Паолина вздрогнула, вспомнив полные губы герцога и тот ужас, который она испытала, пытаясь спастись от его преследований.
– Слава богу, что его рука все еще на перевязи, – заметила она. – Вам следовало бы ударить сильнее.
– Оказывается, вы еще и кровожадны, – поддразнил ее сэр Харвей. – Вот уж никогда не мог бы предположить.
– Да, я вас понимаю, – отозвалась Паолина. – Но я боюсь его. У меня такое ощущение, словно он что-то замышляет против нас. Может быть, мы и в безопасности, пока находимся в Венеции, но рано или поздно он непременно захочет свести с нами счеты. Он из тех людей, которые по натуре очень злопамятны.
– Он не причинит нам вреда, пока мы остаемся здесь, а затем мы как можно скорее переправимся в Австрию, – успокоил ее сэр Харвей. – Не тревожьтесь. У вас на лбу могут появиться морщинки, и тогда больше никто не будет считать вас красавицей, – добавил он шутливым тоном.
– И вы тоже разлюбите меня? – спросила девушка.
– Я буду любить вас, даже когда ваше лицо будет покрыто морщинами, волосы поседеют, а глаза утратят свой блеск, – ответил он. – Неужели вы не поняли, как вы мне дороги? Все в вас, с головы до ног, кажется мне совершенством, и в особенности та милая вещица, которую вы отдали мне и которую вы называете сердцем.
– Если бы я только была уверена в том, что вы отдали мне свое, – отозвалась Паолина.
– Вы можете в этом не сомневаться, – ответил он, – потому что я люблю вас так, как прежде никогда и никого не любил.
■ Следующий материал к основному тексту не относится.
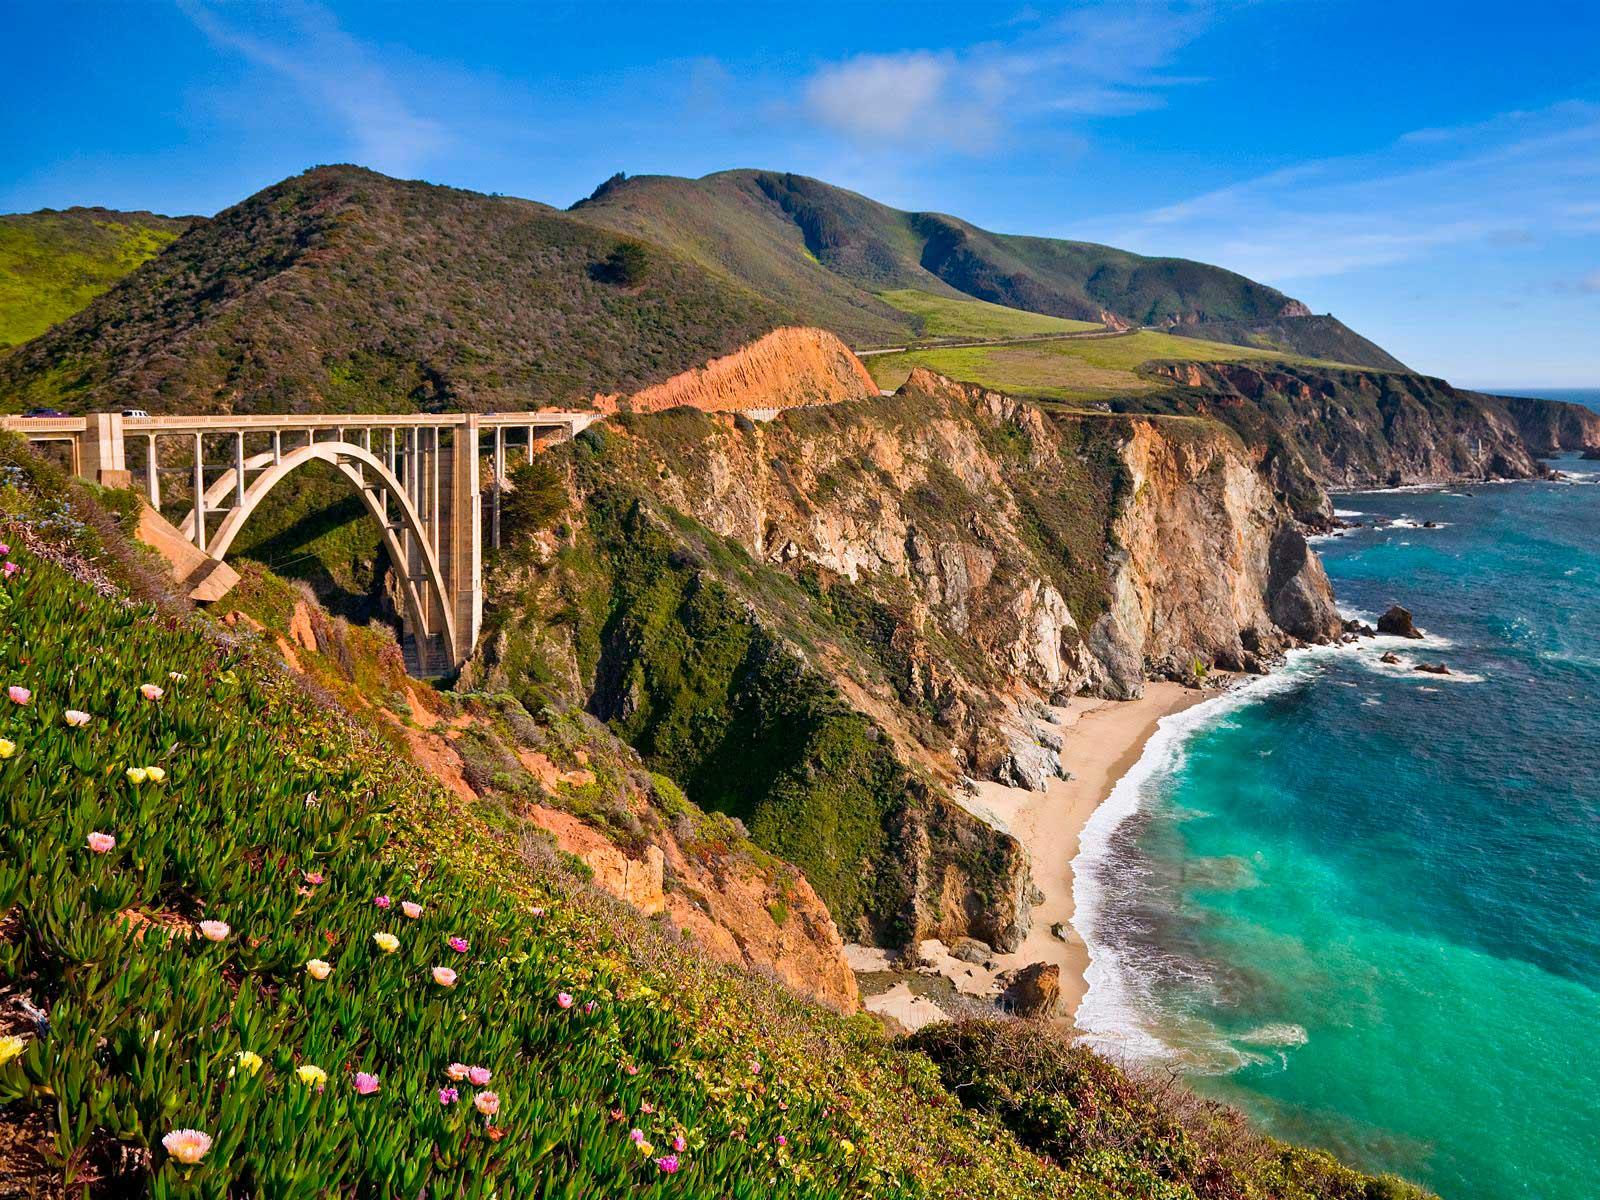 Big Sur/ Crédito foto: http://blog.encontresuaviagem.com.br/destinos/highway-1-incrivel-beleza-pela-costa-californiana

Теперь вы довольны?
Она поднялась на цыпочки, чтобы поцеловать его в щеку.
– Теперь – да, – прошептала она чуть лукавым тоном и, когда он протянул руки, чтобы удержать ее, выскользнула из его объятий и бросилась в комнату.
Казалось, что регата продолжалась целую вечность, несмотря на то, что, когда они прибыли во дворец графа, несколько гондол, участвовавших в состязании, уже проплыли мимо него. Там уже собралось большое общество дам и кавалеров, наблюдавших за регатой с балконов, и у Паолины сложилось впечатление, что все они были искренне рады видеть ее и сэра Харвея. Но в глубине души она невольно спрашивала себя, были бы они столь же дружелюбны к ним обоим, если бы знали правду.